**Data shown:**

───

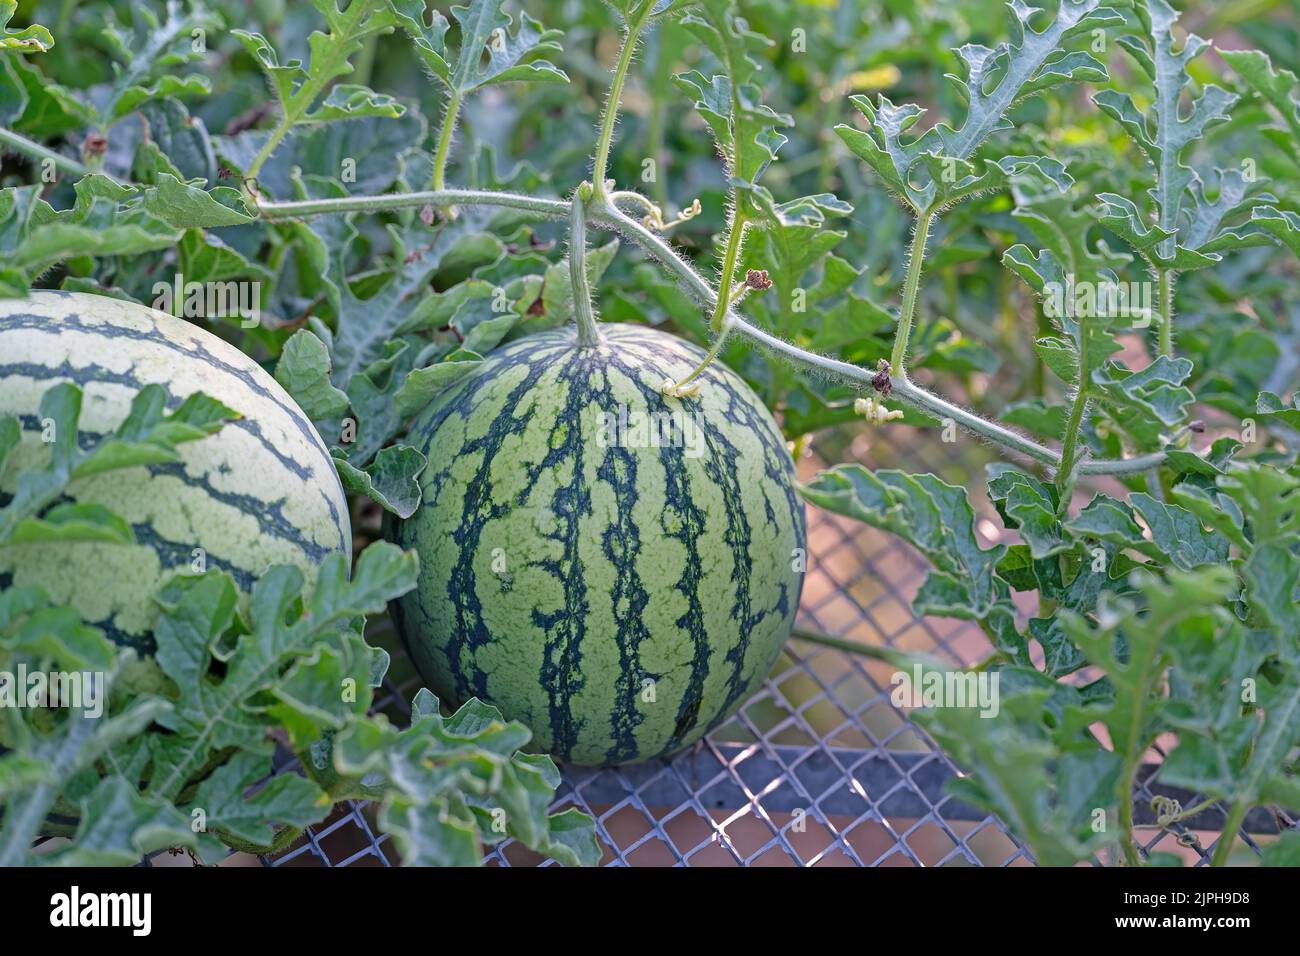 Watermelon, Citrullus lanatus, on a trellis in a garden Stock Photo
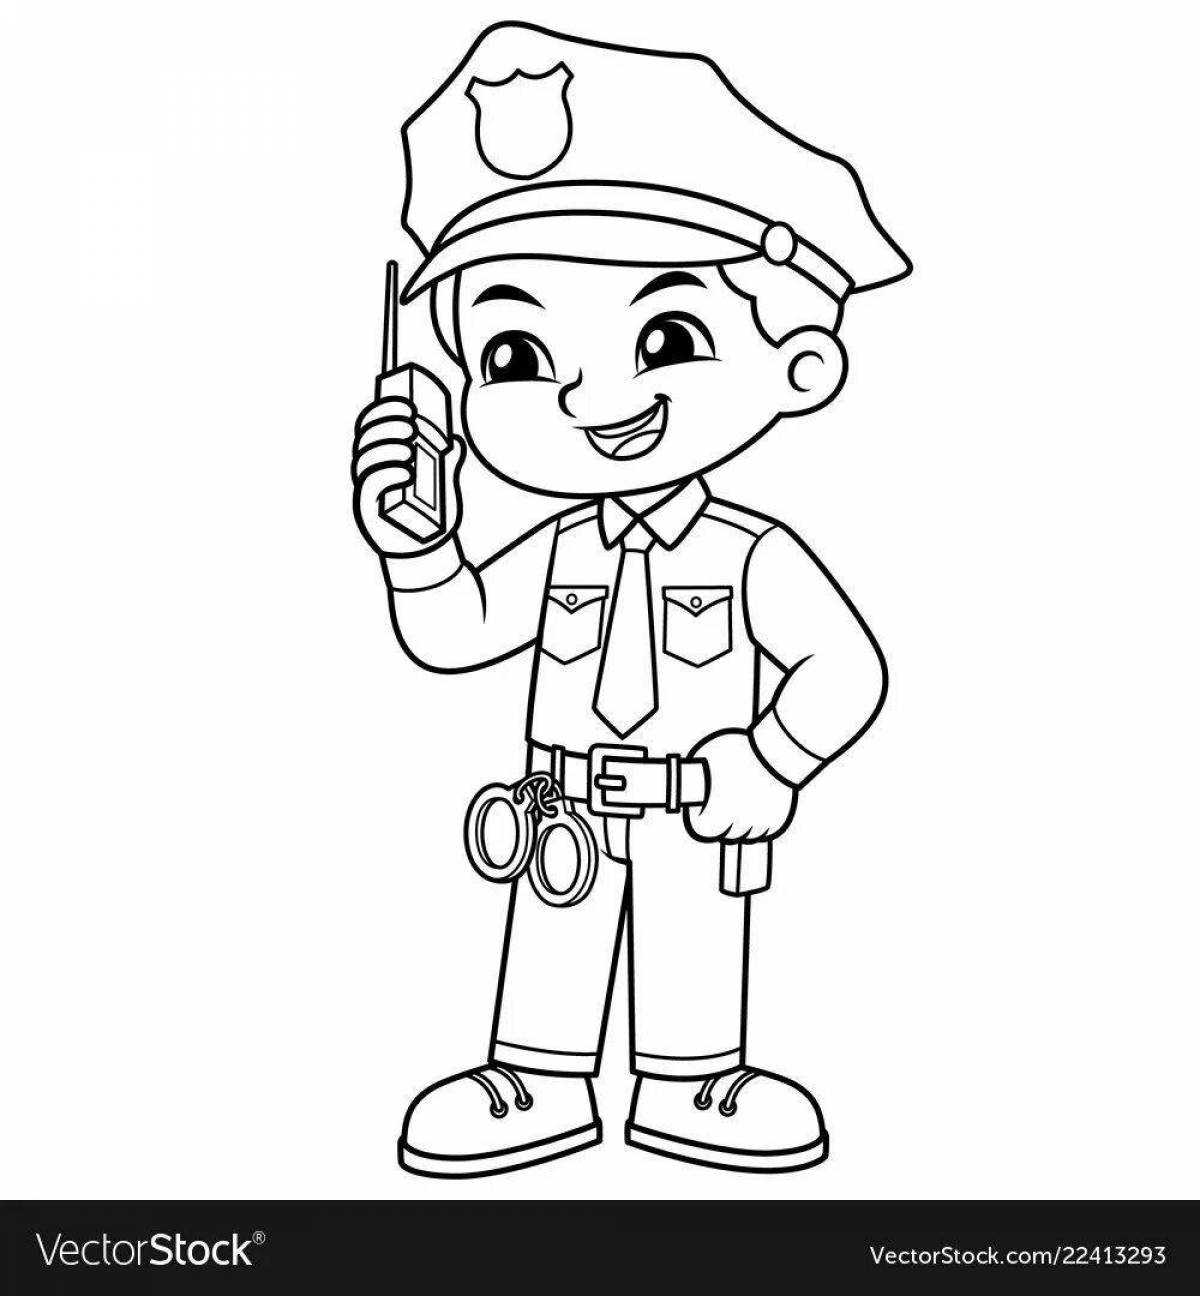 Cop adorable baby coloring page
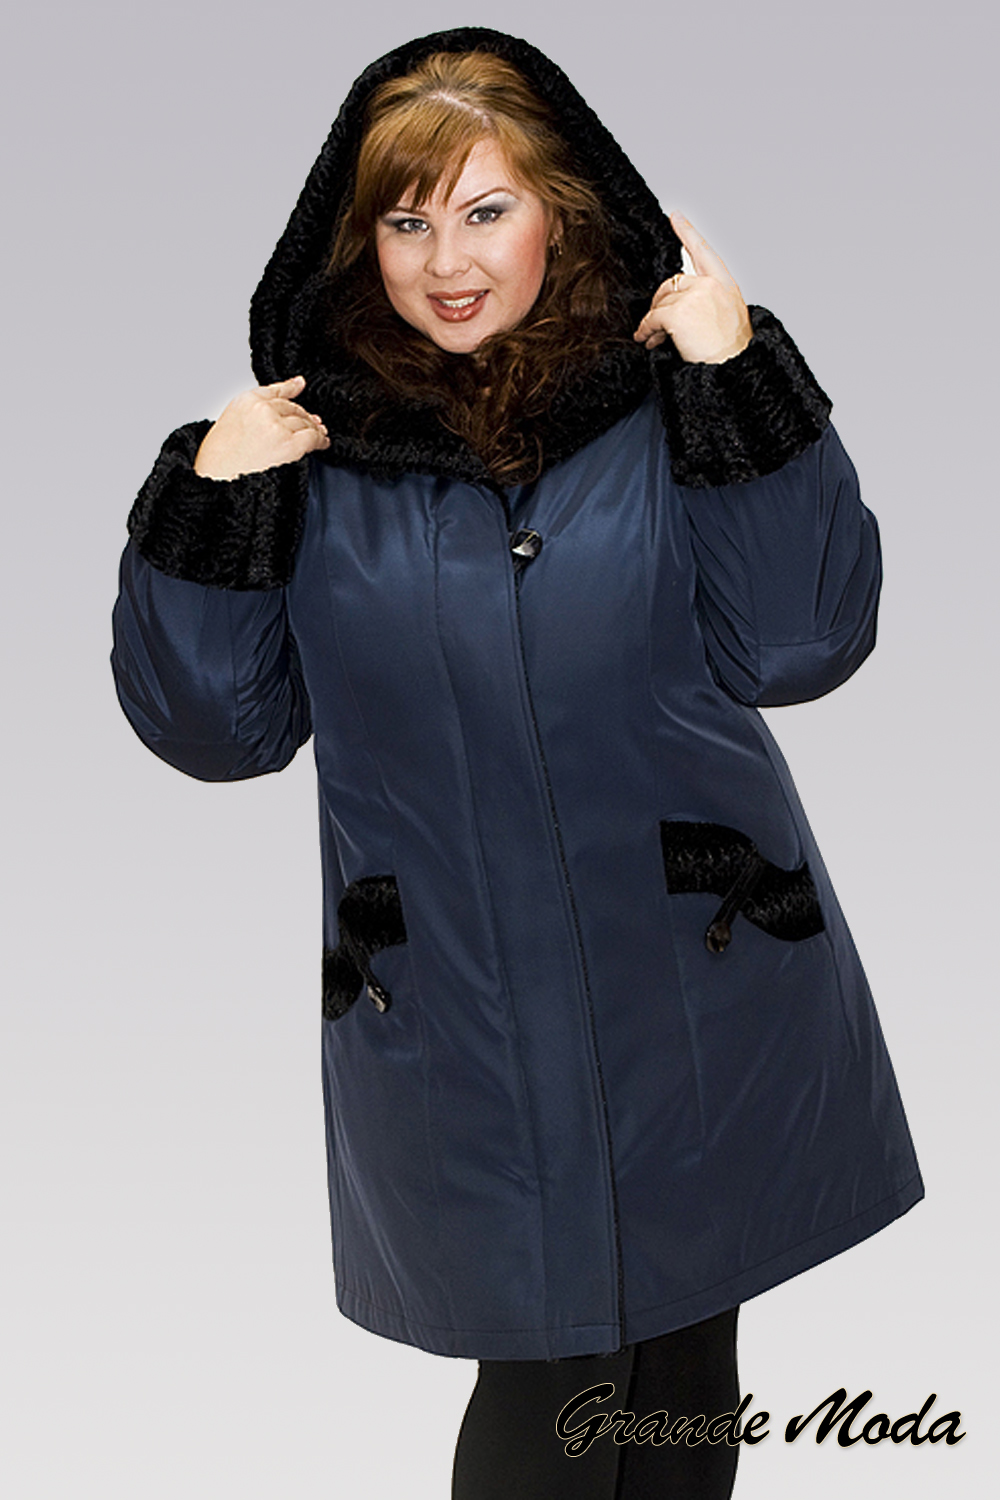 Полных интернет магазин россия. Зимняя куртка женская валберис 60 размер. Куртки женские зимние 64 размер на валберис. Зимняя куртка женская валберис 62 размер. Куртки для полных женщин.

───

**What to work on:**
Would you restate word for word only the lines from the line with "Cop adorable baby coloring page" to the last line above, with the pictures left out?

**Answer to the problem:**
 Cop adorable baby coloring page
 Полных интернет магазин россия. Зимняя куртка женская валберис 60 размер. Куртки женские зимние 64 размер на валберис. Зимняя куртка женская валберис 62 размер. Куртки для полных женщин.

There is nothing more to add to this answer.